Ancelotti has won five Champions Leagues, while Moriyasu has never managed outside of Japan, and when Brazil’s additional-time winner came it was with a sense of inevitability. It’s the third tournament in a row that Japan has blown a lead in a knockout tie.

So long as it’s content to be the tidying-up team, it won’t go far. What Japan needs now – as well as a new manager – is the self-belief of Shohei Ohtani, who before the World Baseball Classic final in 2023 urged his teammates to stop idolising the opposing US stars. 

Perhaps it could use a fraction of South Korea’s refusal to accept mediocrity. Outgoing manager Hong Myung-bo is facing death threats and public recriminations, with President Lee Jae Myung expressing his “utter bewilderment,” as the team crashed out of a relatively easy group.

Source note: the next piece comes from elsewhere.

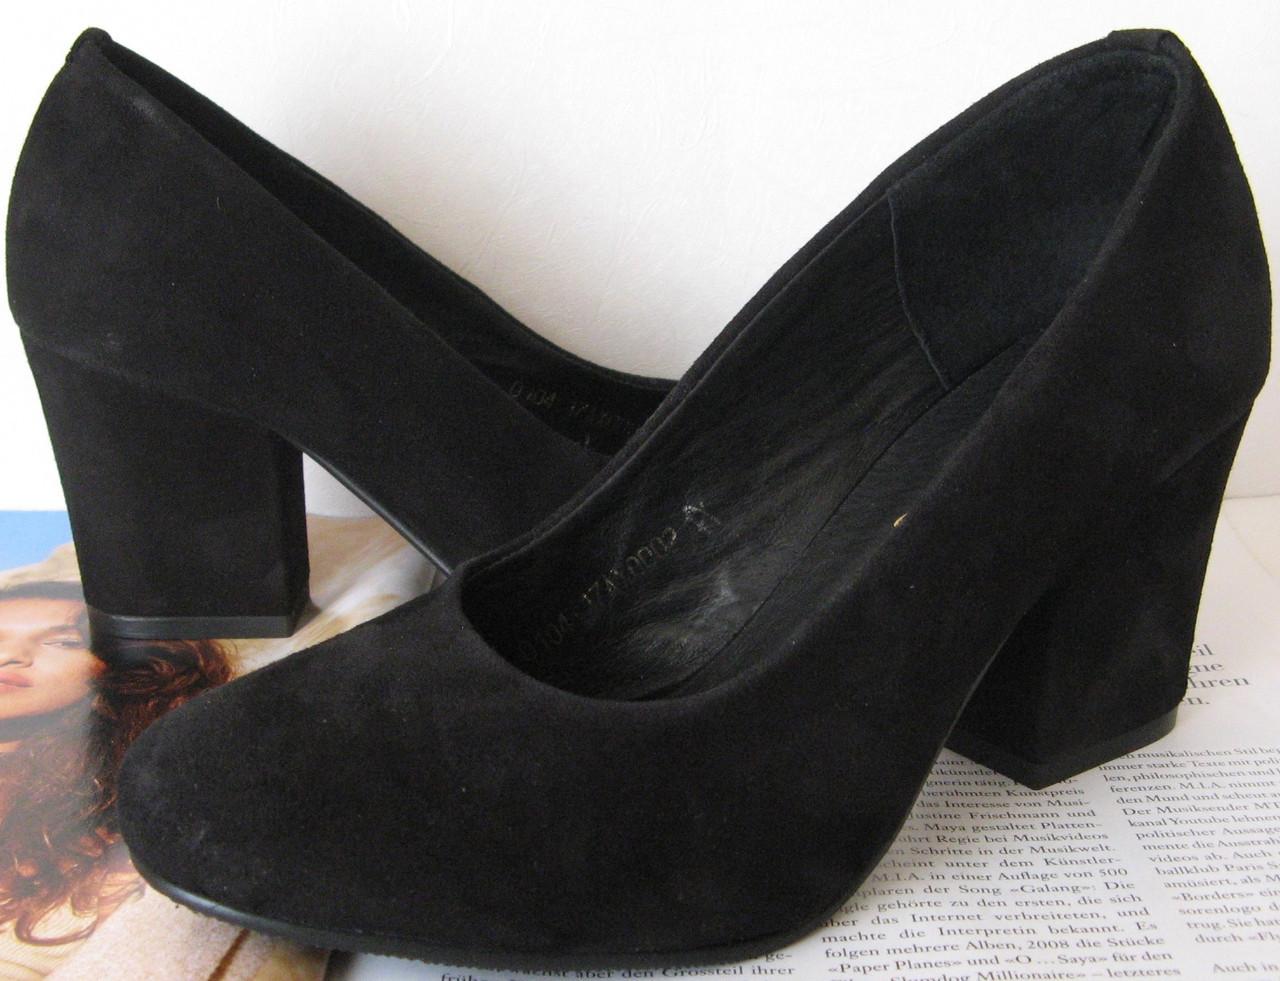 Nona! женские качественные классические туфли замшевые черные взуття на каблуке  7 98c1a72195e92

The vitriol is over the top, but the underperformance should force a reckoning with the football administrators; Lee suggested that “favouritism and cronyism” were to blame, amid an ongoing police investigation into allegations of interference in Hong’s appointment.



ROOM FOR THE GAME TO GROW

The West Asian states that increasingly dominate the region’s football politics face different issues. Iran can be forgiven for its disappointing showing, given the war and the well-noted struggles to obtain visas. Less so Qatar, Asian champions for the last two tournaments, which also had a top-tier coach in Spain’s Julen Lopetegui.

Saudi Arabia will host the World Cup in 2034, but its domestic league still lags behind despite the presence of superstars like Cristiano Ronaldo. Perhaps in a few decades it can ship its homegrown players to Europe, but for now, money remains no substitute for a deep footballing culture.

Then there are the countries that didn’t even make it to the tournament. China and India make up nearly 60 per cent of the region’s population, but India has never appeared at the finals, and China just once in 2002.

Xi Jinping, then Chinese vice president, in 2011 revealed his “three wishes” of qualifying for the tournament, hosting it and eventually winning it. But at this rate, it’s questionable if he’ll even see his first come true within his lifetime.


Elsewhere, there is room for the game to grow. Hosting the 2002 competition was instrumental in boosting the sport’s popularity in Japan and South Korea, and Asia needs more such opportunities rather than sportswashing projects in the Middle East.

No Southeast Asian country has ever made it to the finals save Indonesia (then the Dutch East Indies) at the third-ever tournament in 1938. That’s one reason to cheer a mooted joint bid for the 2046 tournament, which could also include Thailand, Malaysia and Singapore as well as Japan, South Korea, and China – though, let’s see how long that aspiration survives contact with political reality. 

Proximity to the game’s highest levels might be key. These days, almost all Japan’s players ply their trade at European clubs, like their opponents. The Japanese football association should prioritise creating a generation of elite Japanese coaches just as it has players. 

Geography also helps African teams. Players, coaches and federations are plugged into Europe’s most competitive systems, while significant numbers of players from Morocco, Senegal and Algeria were born in Europe.

In modern football, the diaspora is a development model that Asia has much less access to. If anything, 2026 has shown that the future of football is not in Asia yet.